Zing Forum

Reading

VideoRouter: Dual-Route Framework Enables Efficient Long Video Understanding with 67.9% Token Reduction

VideoRouter employs a dual-route mechanism consisting of semantic routing and image routing to adaptively allocate visual token budgets based on queries. It preserves high-resolution details in key evidence frames while aggressively compressing irrelevant frames, achieving up to 67.9% token reduction on benchmarks like VideoMME.

VideoRouter长视频理解视觉Token压缩查询自适应多模态模型InternVL视频问答Token预算
Published 2026-05-07 16:23Recent activity 2026-05-08 11:55Estimated read 7 min
VideoRouter: Dual-Route Framework Enables Efficient Long Video Understanding with 67.9% Token Reduction
1

Section 01

VideoRouter Core Guide: Dual-Route Framework Solves Long Video Token Crisis with 67.9% Token Reduction

Long video understanding faces a scalability bottleneck due to the explosion of visual token sequences. VideoRouter uses a dual-route mechanism (semantic routing and image routing) to adaptively allocate visual token budgets based on queries. It preserves high-resolution details in key evidence frames while aggressively compressing irrelevant frames, achieving up to 67.9% token reduction on benchmarks like VideoMME while maintaining or even improving understanding accuracy.

2

Section 02

Visual Token Crisis in Long Video Understanding and Limitations of Existing Methods

Root Cause of the Problem

Long videos contain hundreds to thousands of frames, which convert to visual token sequences of tens of thousands or even hundreds of thousands in length. This leads to quadratic growth in memory and computational complexity of Transformer architectures, often exceeding context window limits.

Limitations of Existing Methods

  • Weak query awareness: No knowledge of user questions during encoding, so unified compression strategies cannot be optimized;
  • Fixed compression strategies: Applying the same strategy to all frames ignores the uneven temporal distribution of visual evidence;
  • Information loss: Aggressive compression easily loses key details, reducing answer accuracy.
3

Section 03

VideoRouter's Dual-Route Framework and Training Data Construction

Dual-Route Mechanism

  • Semantic Router: Macro selection strategy (broad temporal coverage/adaptive high-resolution preservation) predicted based on query semantic features;
  • Image Router: Micro frame selection, using early LLM layers to evaluate frame-query relevance and handle high/low relevance frames differently.
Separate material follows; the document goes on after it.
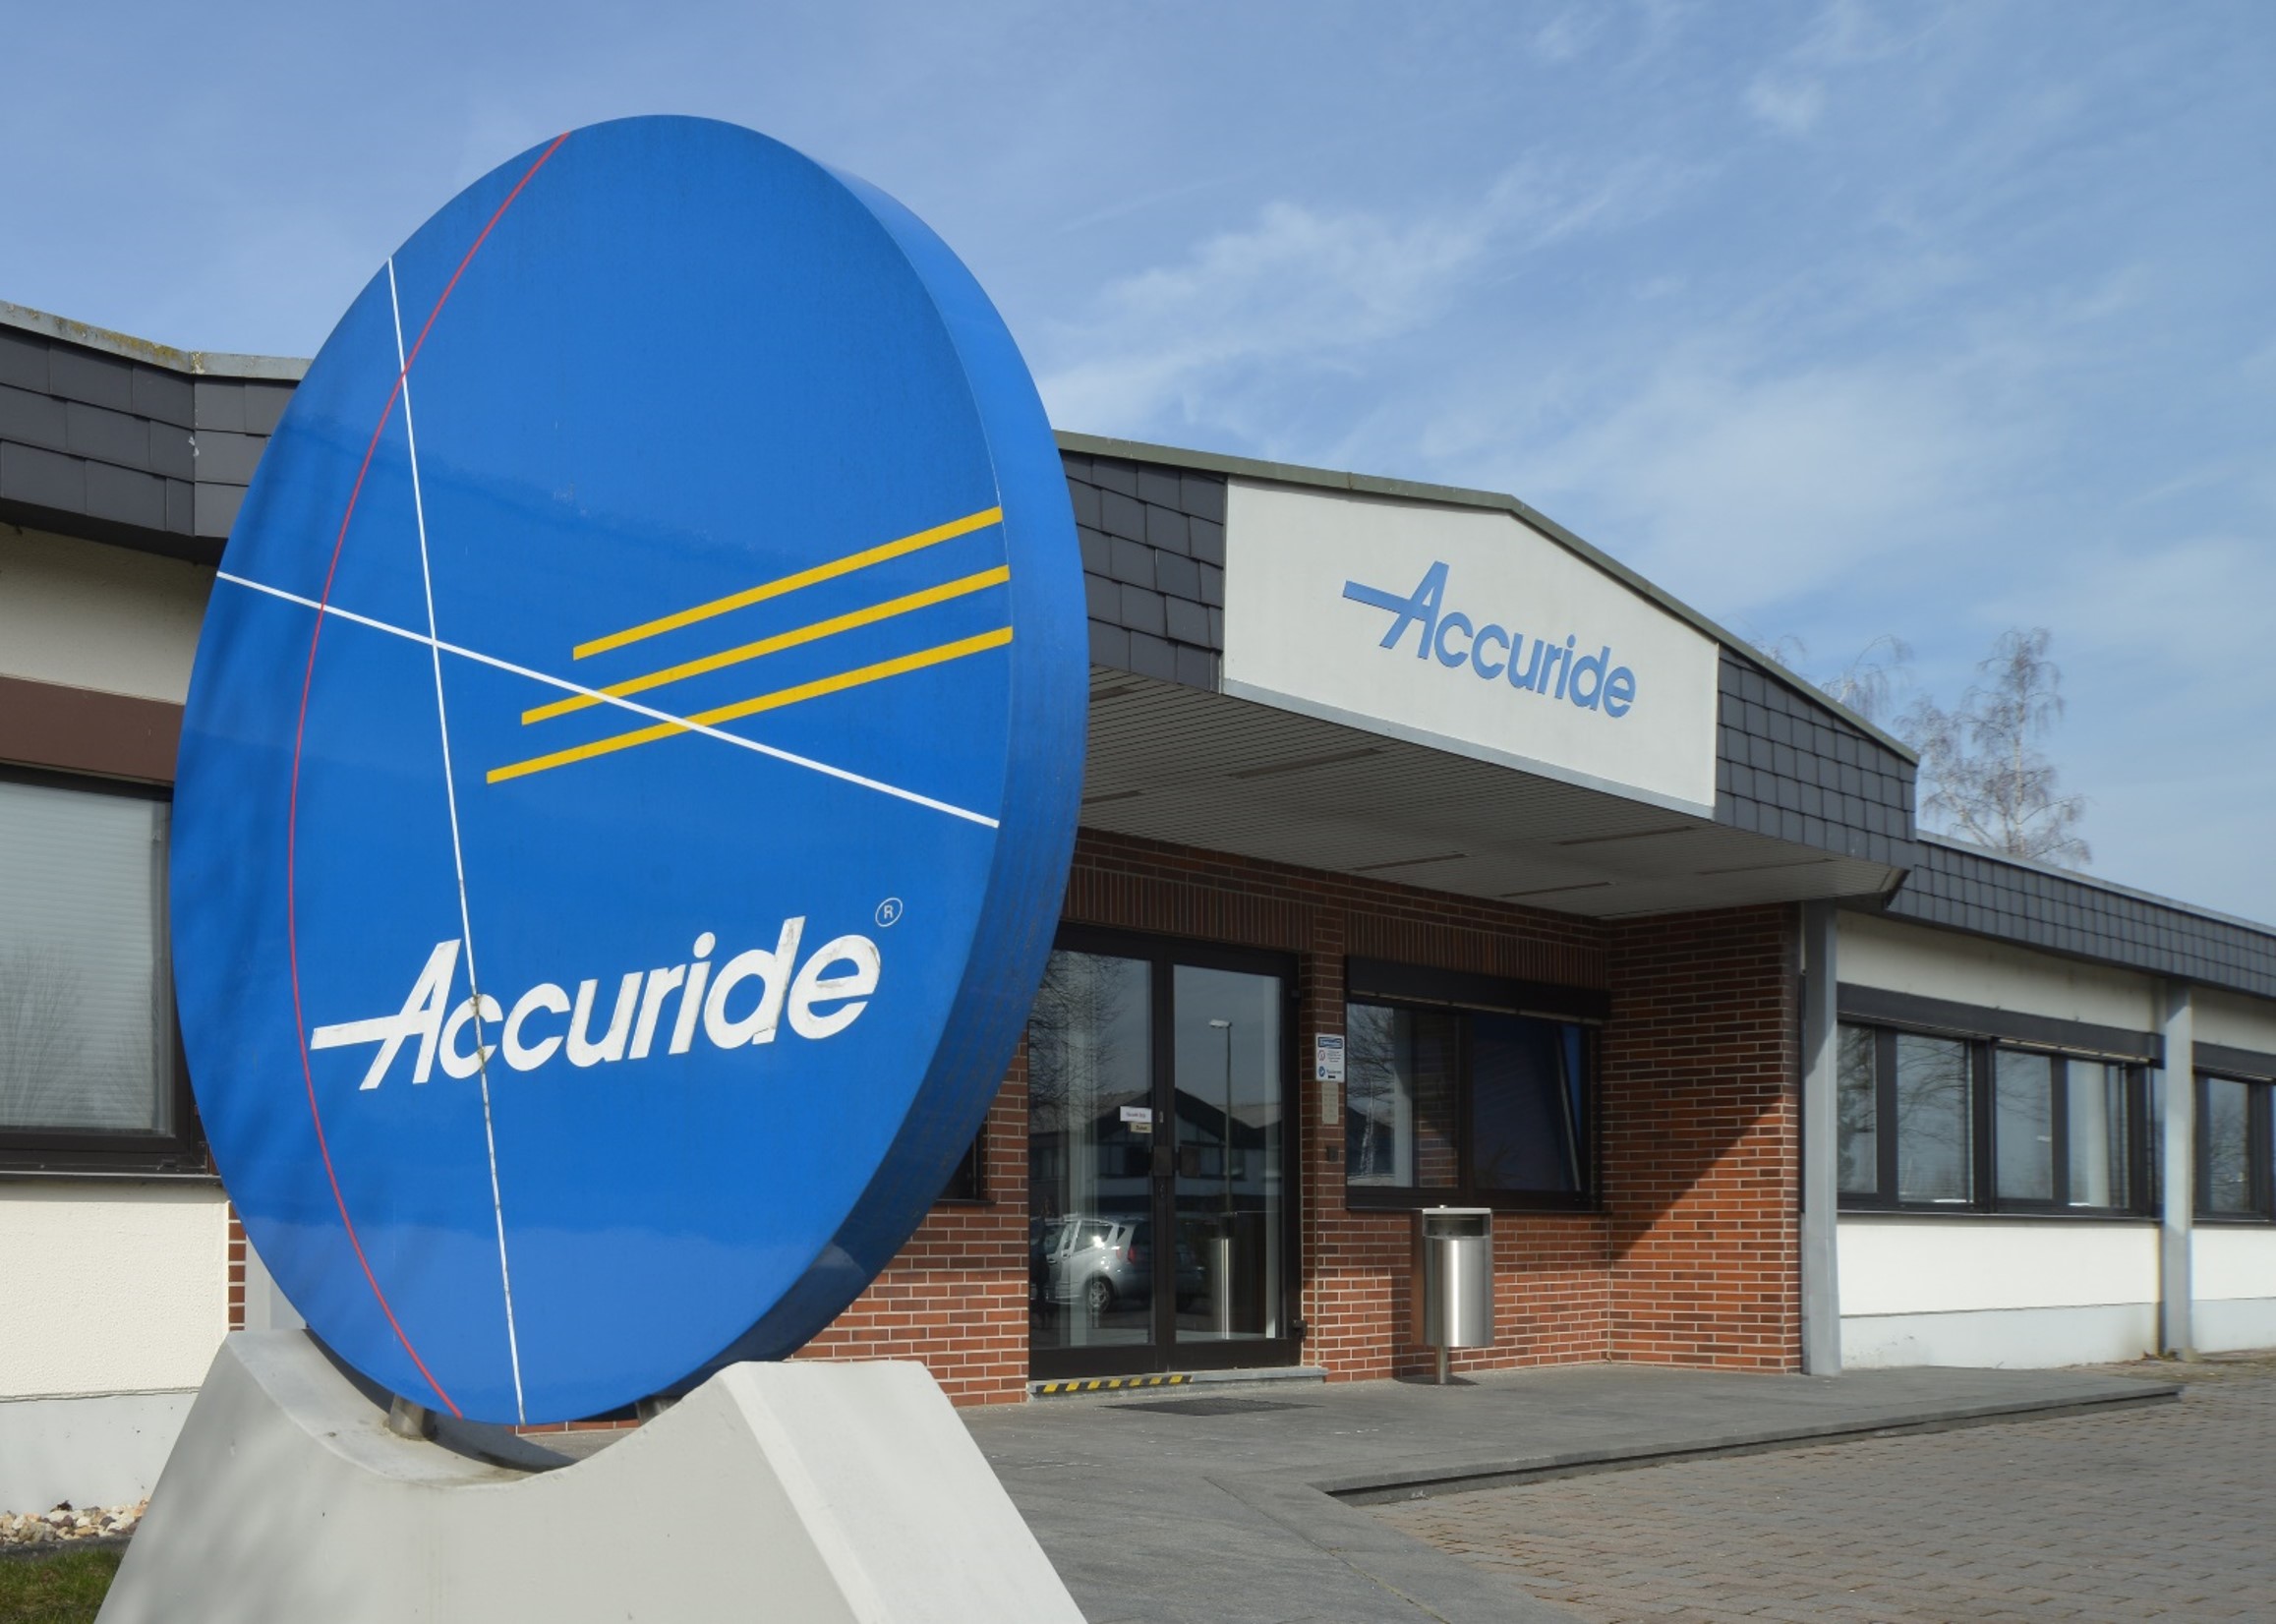 Accuride International zajmuje 16. miejsce wśród najbardziej prężnych firm w Niemczech

Budget-Constrained Allocation

Dynamically allocate token budgets—key frames get more budget, with adaptive resolution based on importance and intelligent temporal sampling.

Training Data

  • Video-QTR-10K: 10K video-query pairs with annotations of optimal allocation strategies;
  • Video-FLR-200K: 200K video-query pairs with frame-level relevance score annotations.
4

Section 04

Experimental Results: 67.9% Token Reduction and Performance Preservation

Benchmark Datasets

VideoMME (comprehensive), MLVU (multilingual), LongVideoBench (ultra-long videos).

Core Results

  • Token reduction: Up to 67.9%;
  • Accuracy: Comparable to or better than baseline InternVL;
  • Reduced latency and improved memory efficiency.

Baseline Comparison

Outperforms unified sampling, heuristic compression, and end-to-end learning baselines. The query-adaptive strategy is more accurate and interpretable.

5

Section 05

Technical Depth: Key Reasons for Dual-Route Effectiveness

Advantages of Hierarchical Decision-Making

Decouples complexity, strong interpretability, modular design for easy optimization.

Value of Early LLM Layers

High computational efficiency, rich semantics, consistent with downstream task standards.
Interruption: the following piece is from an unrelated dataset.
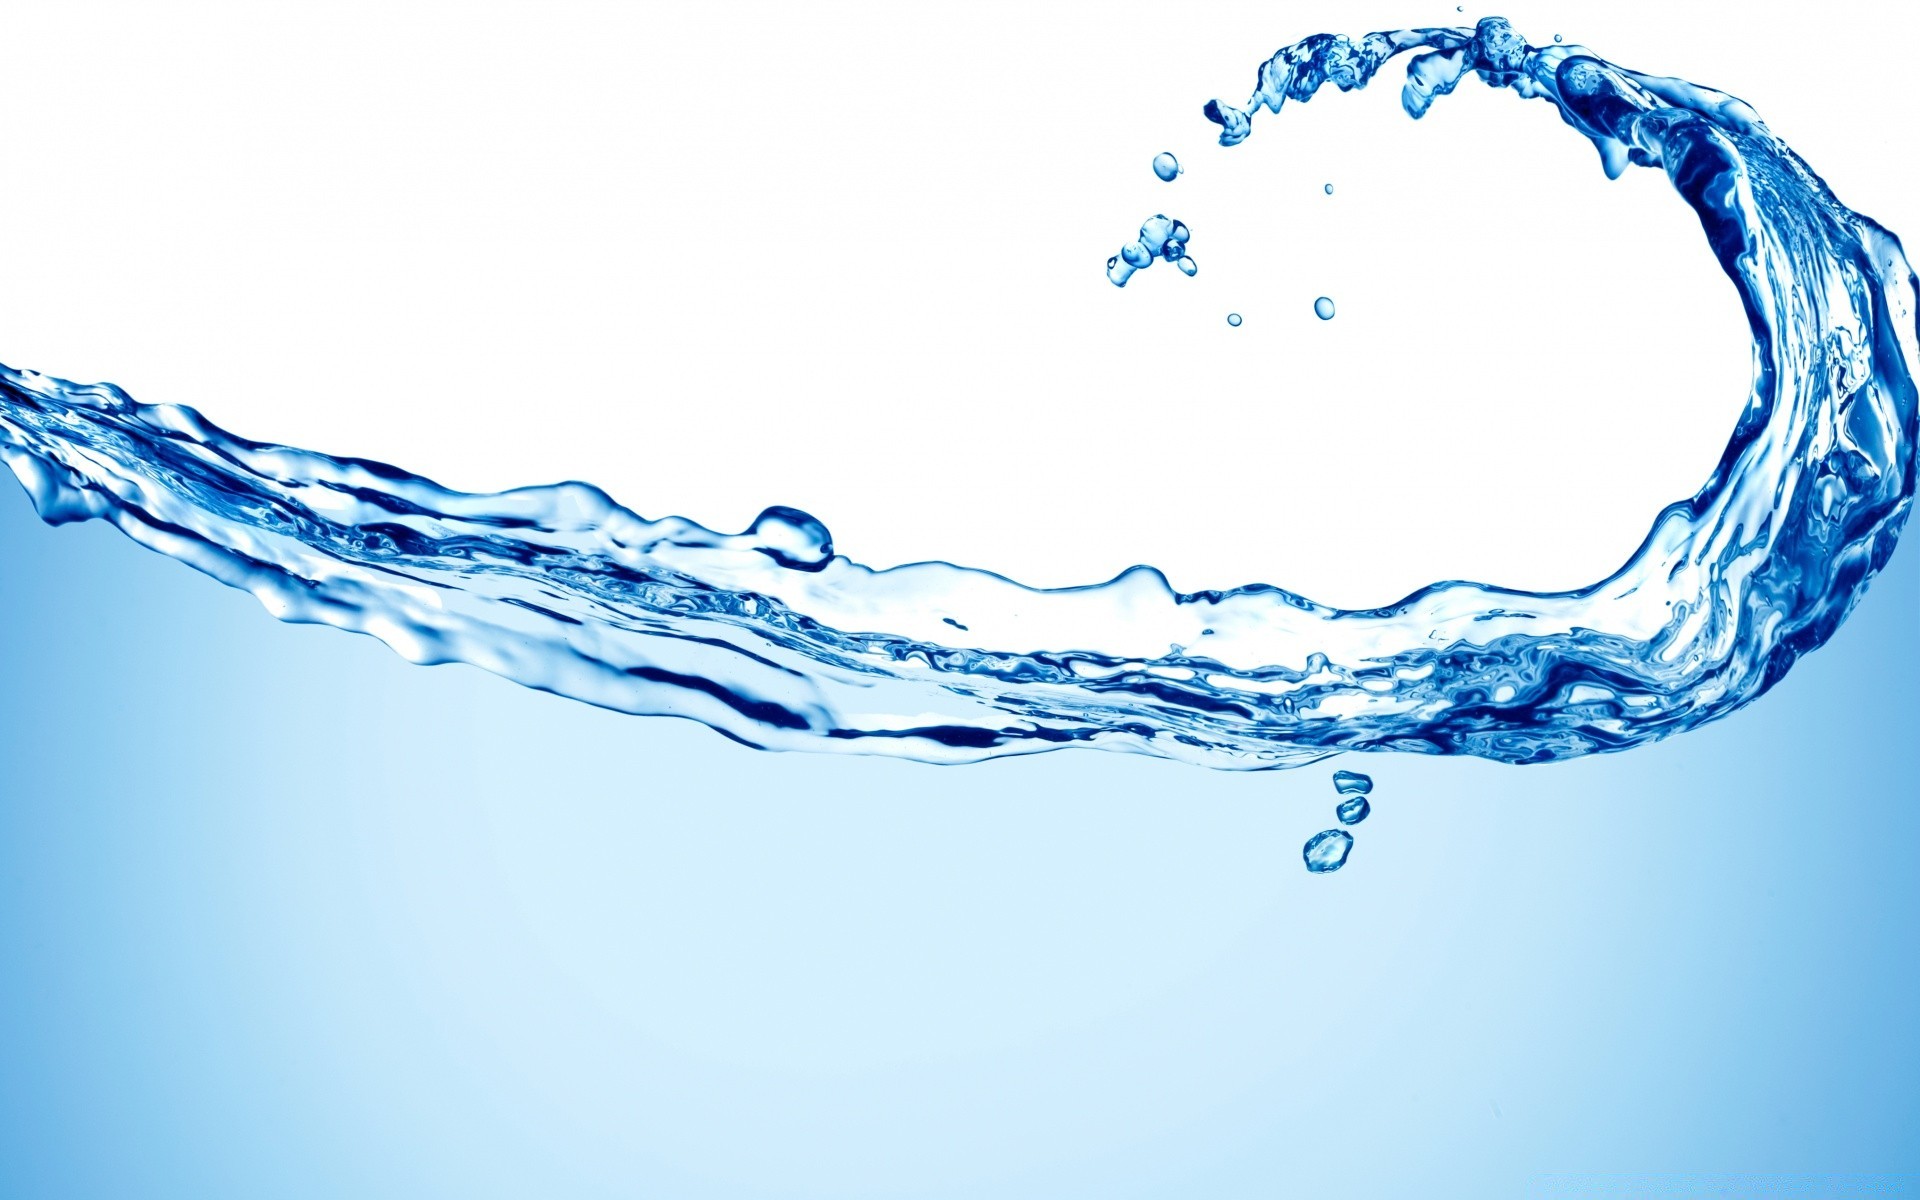 белое чистота мокрый всплеск поток пульсация понятно падение движения пузырь чистые жидкость волна гладкая жажда капли ванна чисто подводный воды бирюза

Budget-Constrained Optimization

Predictable resources, guaranteed service quality, clear optimization objectives.

6

Section 06

Practical Application Scenarios of VideoRouter

  • Video Q&A: Dynamically adjust strategies based on questions (overall process/details);
  • Content moderation: Quickly filter irrelevant content and analyze suspicious segments in detail;
  • Educational video analysis: Locate relevant segments, generate summaries, support adaptive learning;
  • Surveillance video retrieval: Quickly retrieve events, locate key frames, support natural language interaction.
7

Section 07

Limitations and Future Research Directions

Limitations

Limited training data scale, insufficient multimodal fusion, lack of online learning capability, ultra-long video processing to be optimized, weak causal reasoning support.

Future Directions

Explore efficient visual encoders, hierarchical video representations, domain-specific routing strategies, extend to modalities like long documents/audio.

8

Section 08

Conclusion: Insights from Intelligent Token Allocation

VideoRouter proves that intelligent token allocation strategies are significantly better than unified compression, reducing tokens by 67.9% while maintaining accuracy. This achievement is of great significance to the video understanding field and also provides insights for other long-sequence AI applications: proactively and intelligently allocate resources rather than passively accept the challenges of long sequences. It will become a key infrastructure for processing video data in the future.